Lady Saw once commented in a newspaper article about her partner: "Well, I know he's faithful to me. But is a man still. And as long as him use condom, well is not really a big deal". And nobody understands the female Jamaican mind better than the queen of the dancehall.

Tony 'Daddy O' Robinson, often writes about our women's preference for rogue partners, and their disdain for faithful puppy types. In his words: "Show me a man who wash, cook and clean, and I'll show you a man getting bun!"

As ever, dancehall music expresses this reality most vividly. Through all its variations, one theme is constant - women are God's greatest gift to mankind, it is every man's duty to please as many of them as he can, and any man who turns a willing female away from his bed must be homosexual. Those 'Gal a run dem head!', taunting deejays always bring to mind, 'Methinks thou dost protest too much'. Not for nothing did a local paper vote Beenie Man and Bounty Killa the nation's top two 'gal clowns'.

misogynistic and anti-woman

Dancehall is often described as misogynistic and anti-woman. Yet it celebrates female sexuality like no other music. Women in deejay tunes are sometimes money-hungry, manipulative and unfaithful, but are never less than the crown of creation.

The most telling line in Buju Banton's notorious Boom Bye Bye goes, "Woman a de most beautiful thing God ever put pon the land, Me love her from her head to her foot bottom". At dances, Boom Bye Bye is always met with a huge roar of approval and is invariably followed by Shabba Ranks' Love P.... bad - "Because p.... to mek yuh happy, p.... to mek yuh sad". For good or bad, women must be the most important thing in every man's life, and any other attitude is contrary to the Father's plan.

Commentators often speak of Jamaican homophobia as a strictly male phenomenon. However, it's just as prevalent among women. A couple years ago police had to intervene at Jamaica Carnival when some men who were 'wining' with each other were stoned by women shouting "Is woman carnival this, not gay carnival!". It was a woman who started the uproar that triggered an anti-gay mob scene at a Constant Spring mall in 2007, and women who screamed most of the abuse.

[Disclaimer: This writer condemns violence against any race, creed or sexual orientation. However, how it is, is how it is.]

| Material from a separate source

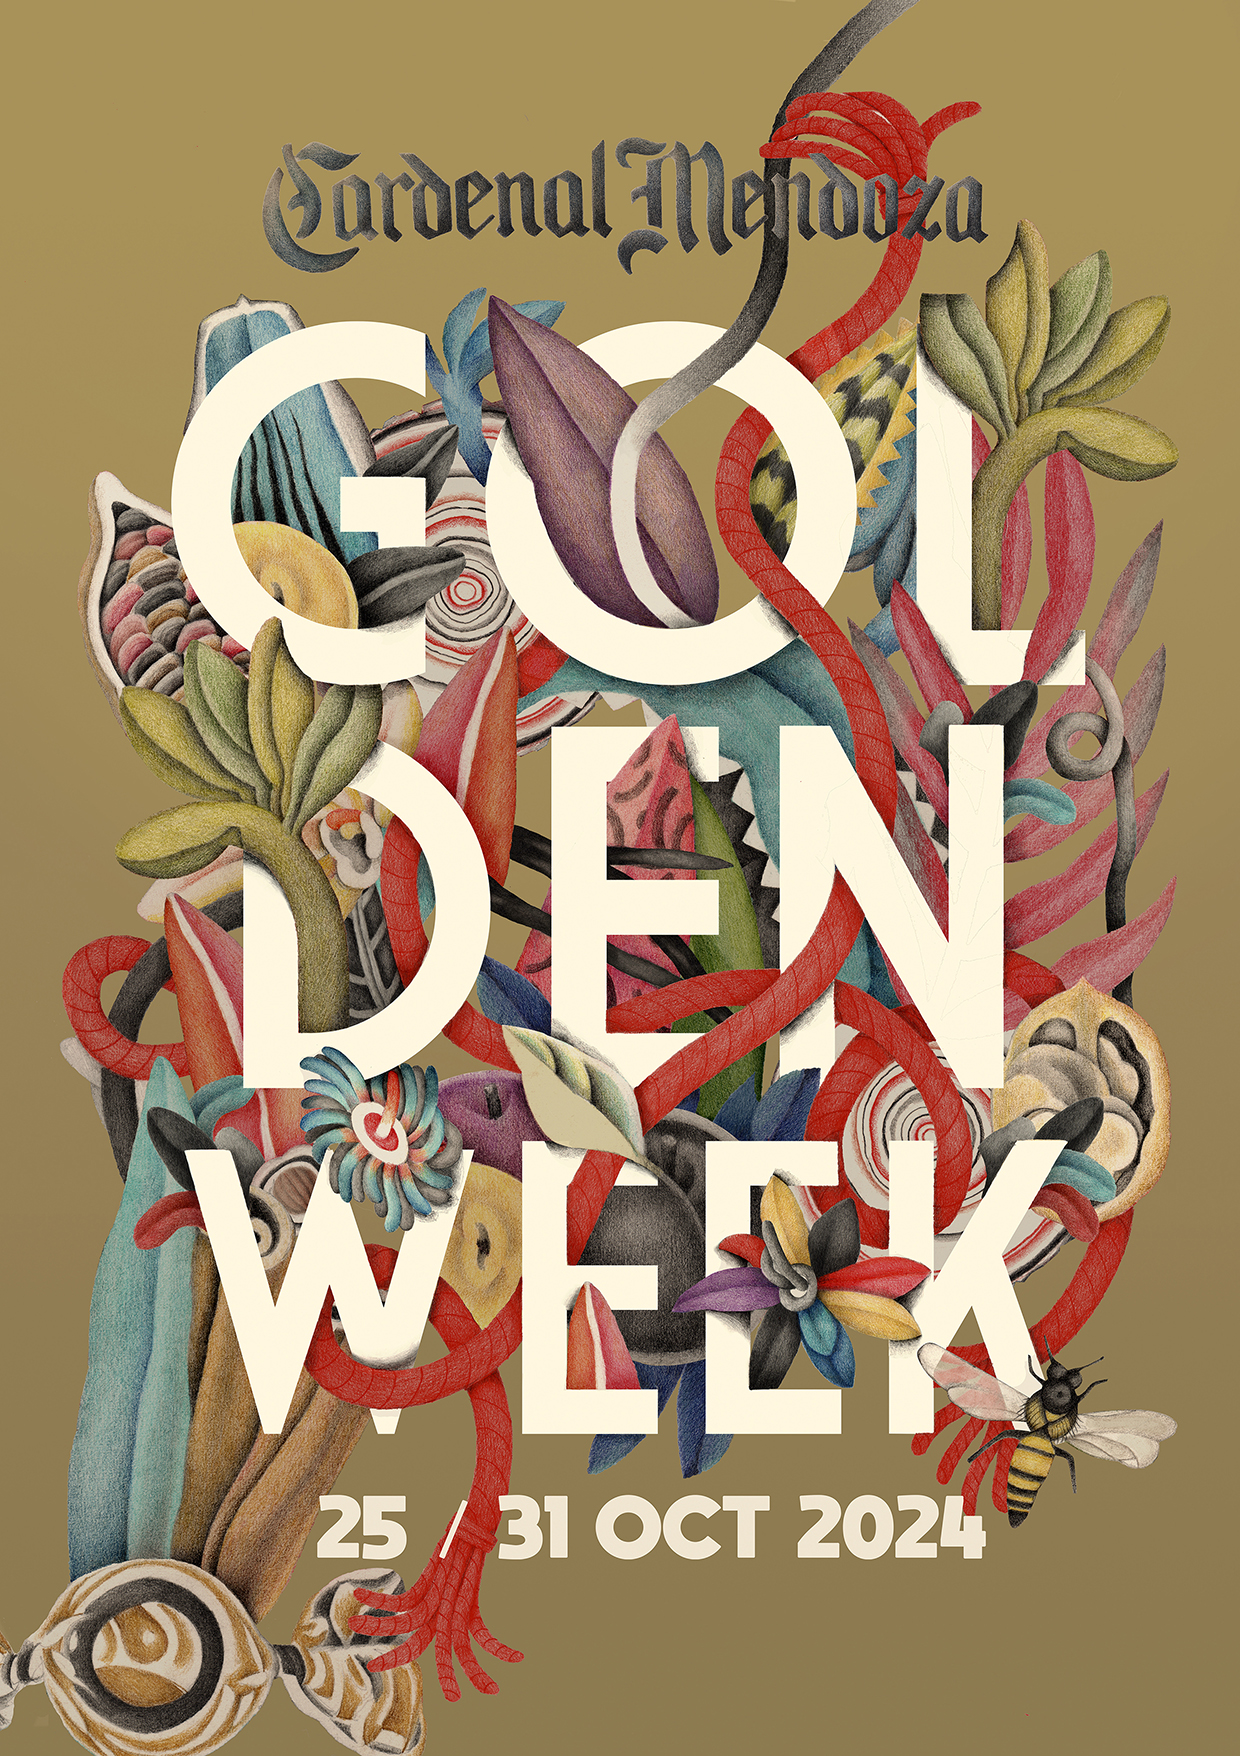 Cardenal Mendoza Golden Week 2024

Whatever the past situation, it's obvious that today's Jamaican society is primarily a female construct. Take the fact that 85 per cent of children are born out of wedlock and less than 50 per cent have registered fathers. Since few children are the product of rape, these statistics must be the result of collective female decisions. It's always the woman who decides if intercourse will take place and if contraceptives are used.

current law

The current law only allows the mother to put a man's name on the birth certificate if he agrees. In April, Prime Minister Bruce Golding loudly promised fast-track legislation that would permit the father's name to be registered without his permission - with court-ordered DNA tests if he objects. "Give me three months!" the PM proclaimed. Almost seven have passed and we've heard nothing more.

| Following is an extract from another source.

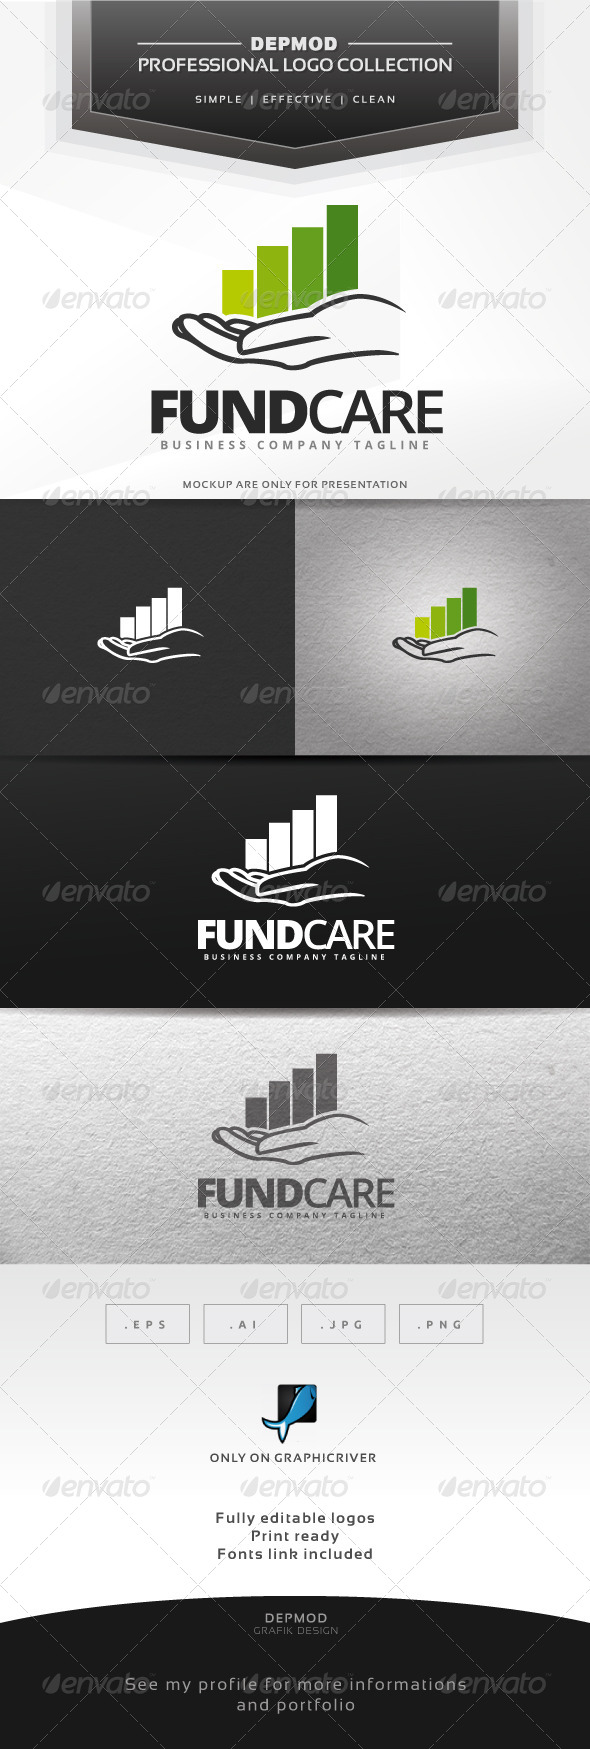 Fund Care Logo

To my knowledge, no commentator has even thought the matter worthy of discussion. One can perhaps understand the male reticence, since who knows what skeletons are in which closets? However, astonishingly, not a single woman of prominence has come out in support of a law accepted as the norm in most 'civilised countries'.

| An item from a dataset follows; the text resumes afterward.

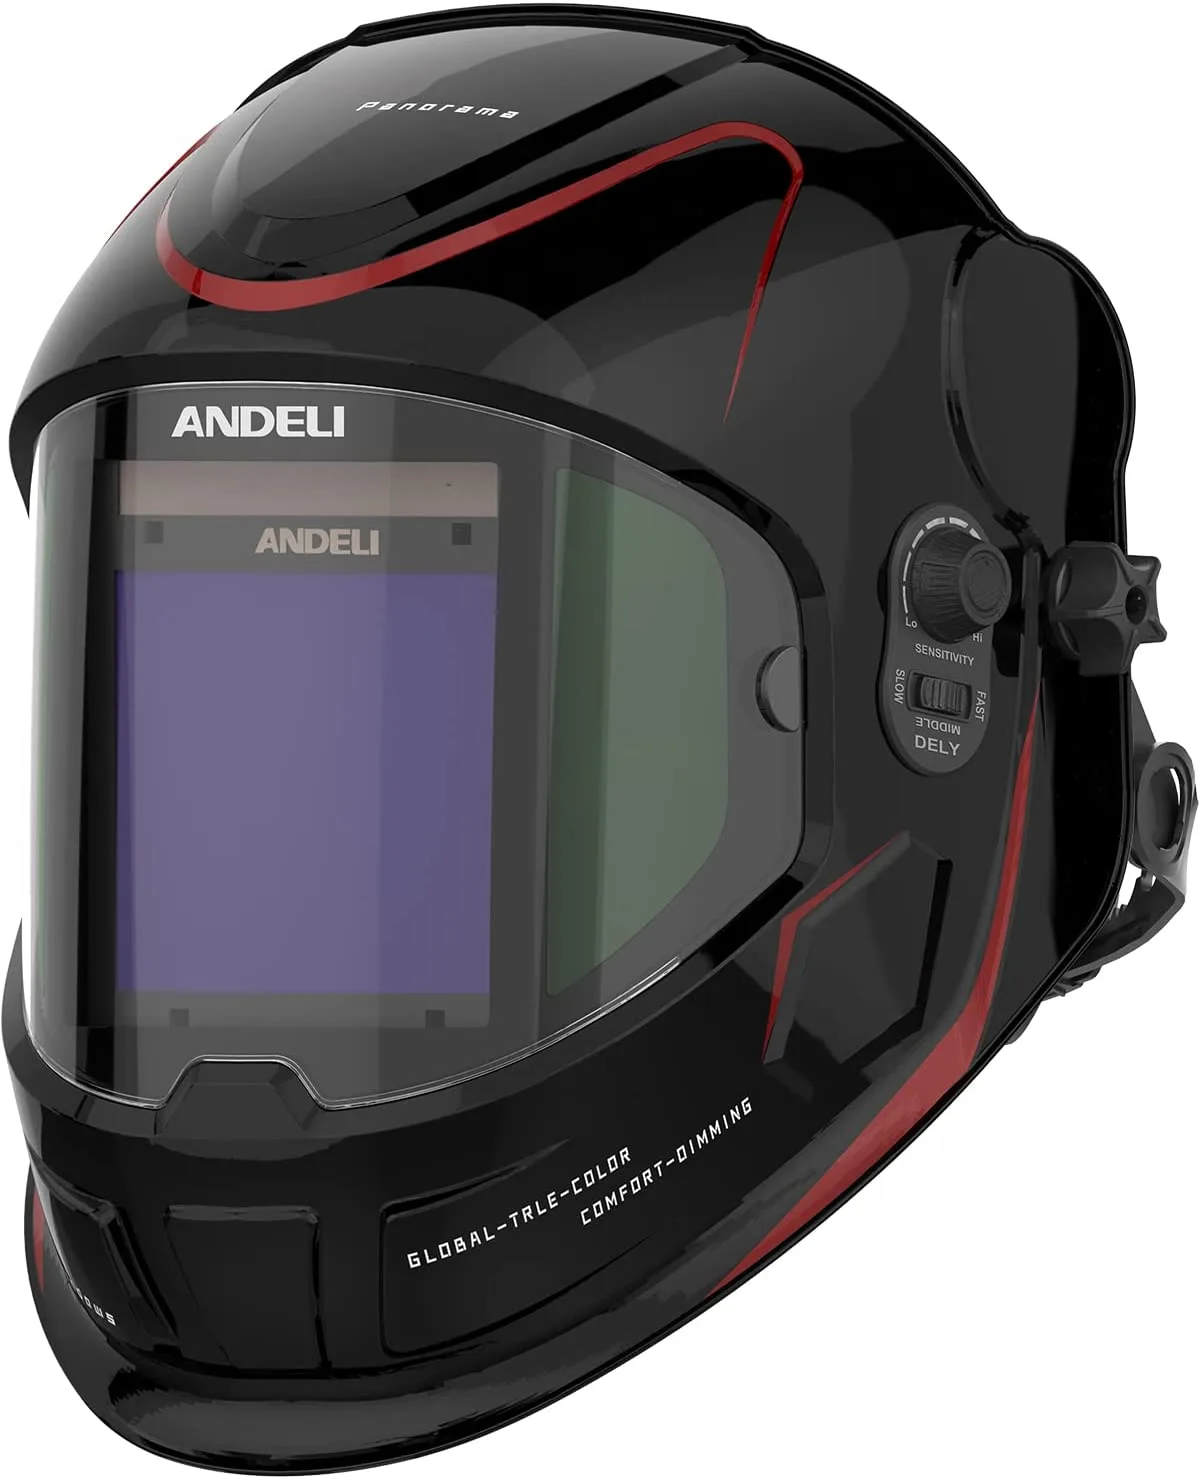 ANDELI Digital Auto Darkening Helmet

Our female Parliamentarians such as Portia Simpson Miller, Olivia Grange and Lisa Hanna have remained deafeningly silent on the issue. So have feminist activists like Glenda Simms and Carolyn Cooper, and human rights advocates such as Carolyn Gomes and Yvonne McCalla-Sobers.

(The United Nations Declaration of the Rights of the Child says that the child "shall, wherever possible, grow up in the care and under the responsibility of his parents". So how come otherwise vociferous human rights groups like Jamaicans For Justice completely ignore the fact that most Jamaican children don't even have a legal father?)

With men increasingly outmatched on all fronts - educationally, emotionally and sexually - it's clear that only women can bring about real change in this country. However, where is the evidence of them wanting to do so? Action, or the lack of it, speaks louder than words.